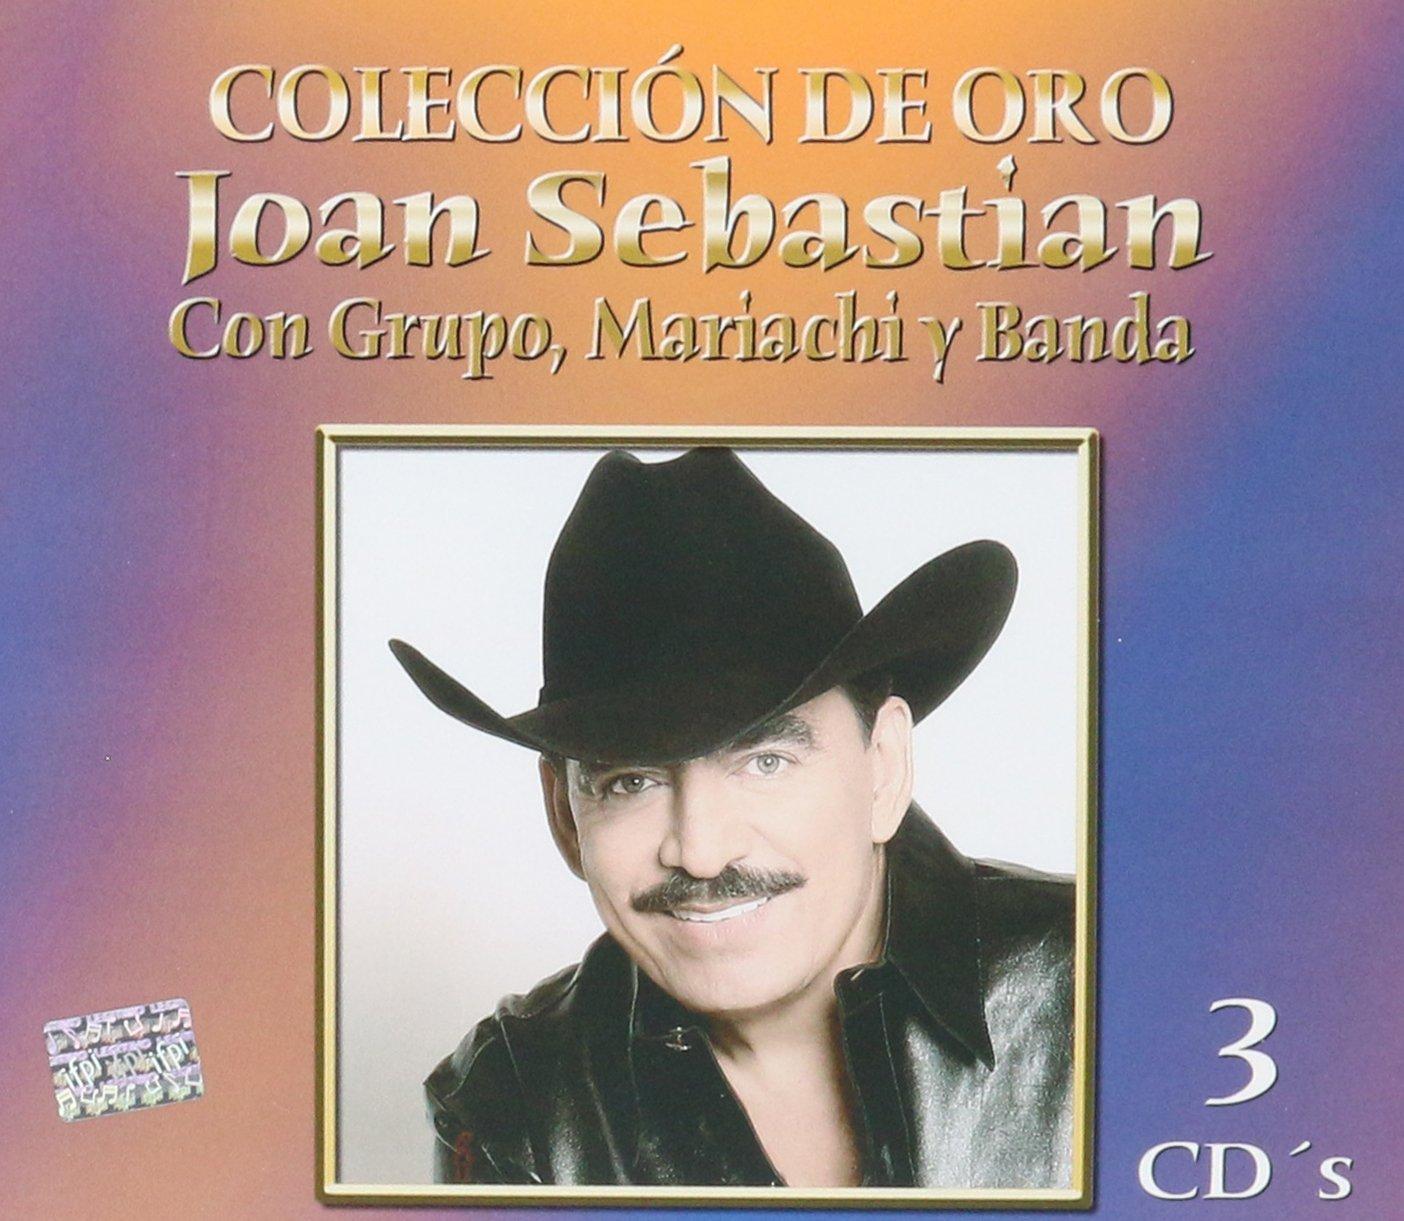 Coleccion De Oro : Con Grupo Mariachi y Banda 3CDs
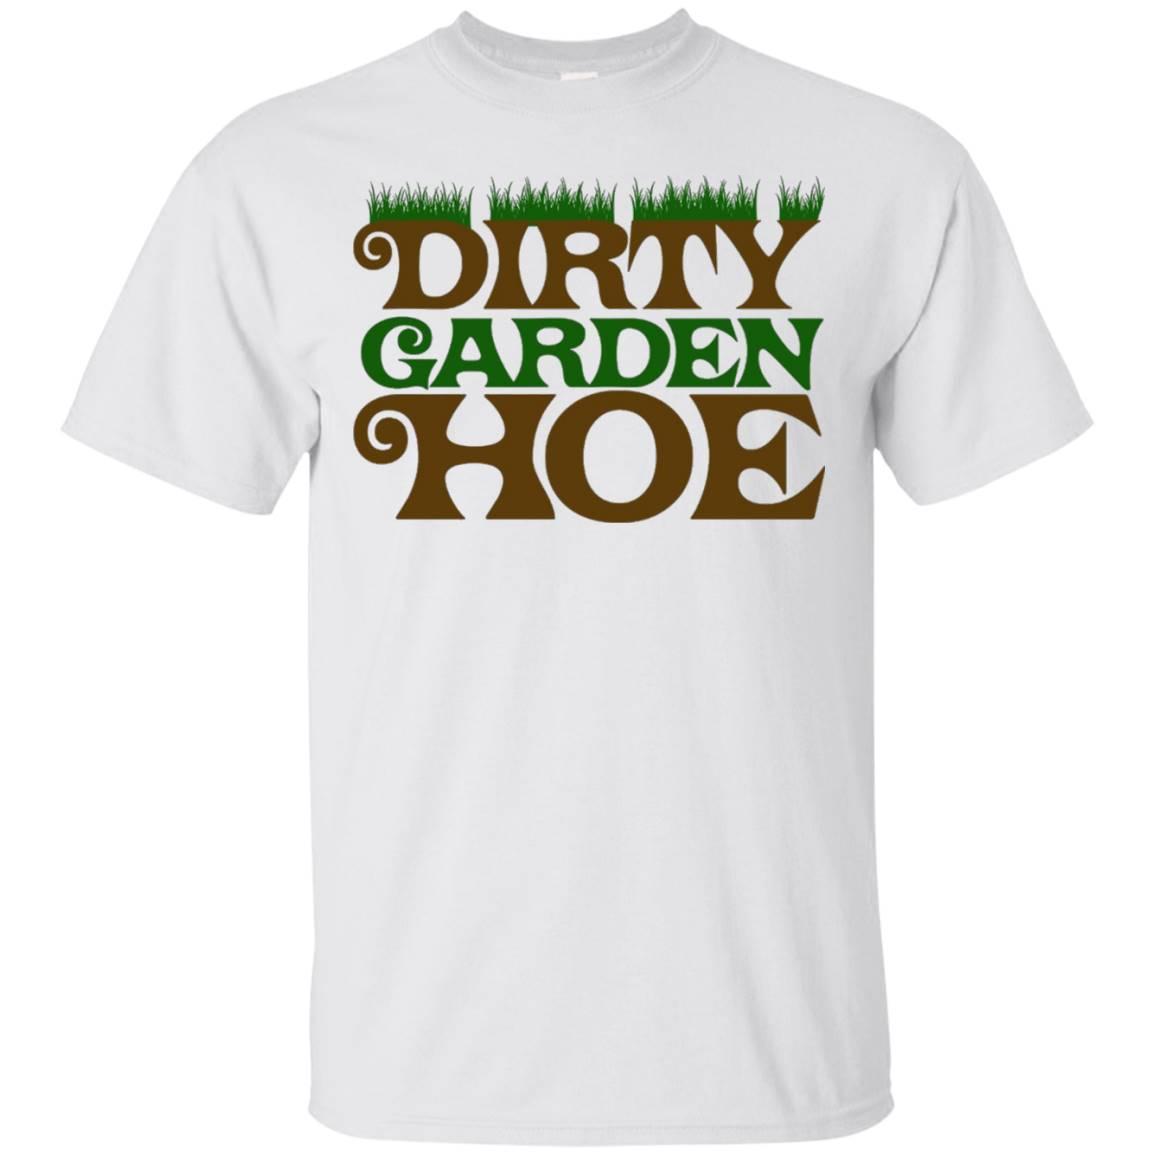 Dirty Garden Hoe Shirt Flowers & Greenhouse T-Shirt
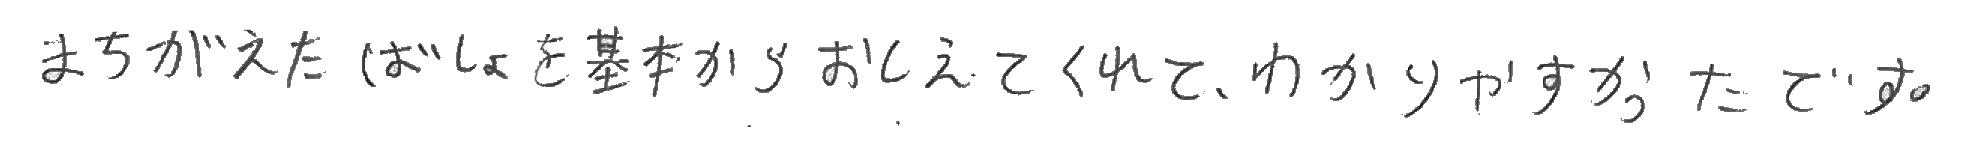 H君(大飯郡おおい町)からの口コミ
○ ○ ○
## What to do
Copy the data word for word, no pictures.

## Response area
 Coleccion De Oro : Con Grupo Mariachi y Banda 3CDs
 Dirty Garden Hoe Shirt Flowers & Greenhouse T-Shirt
 H君(大飯郡おおい町)からの口コミ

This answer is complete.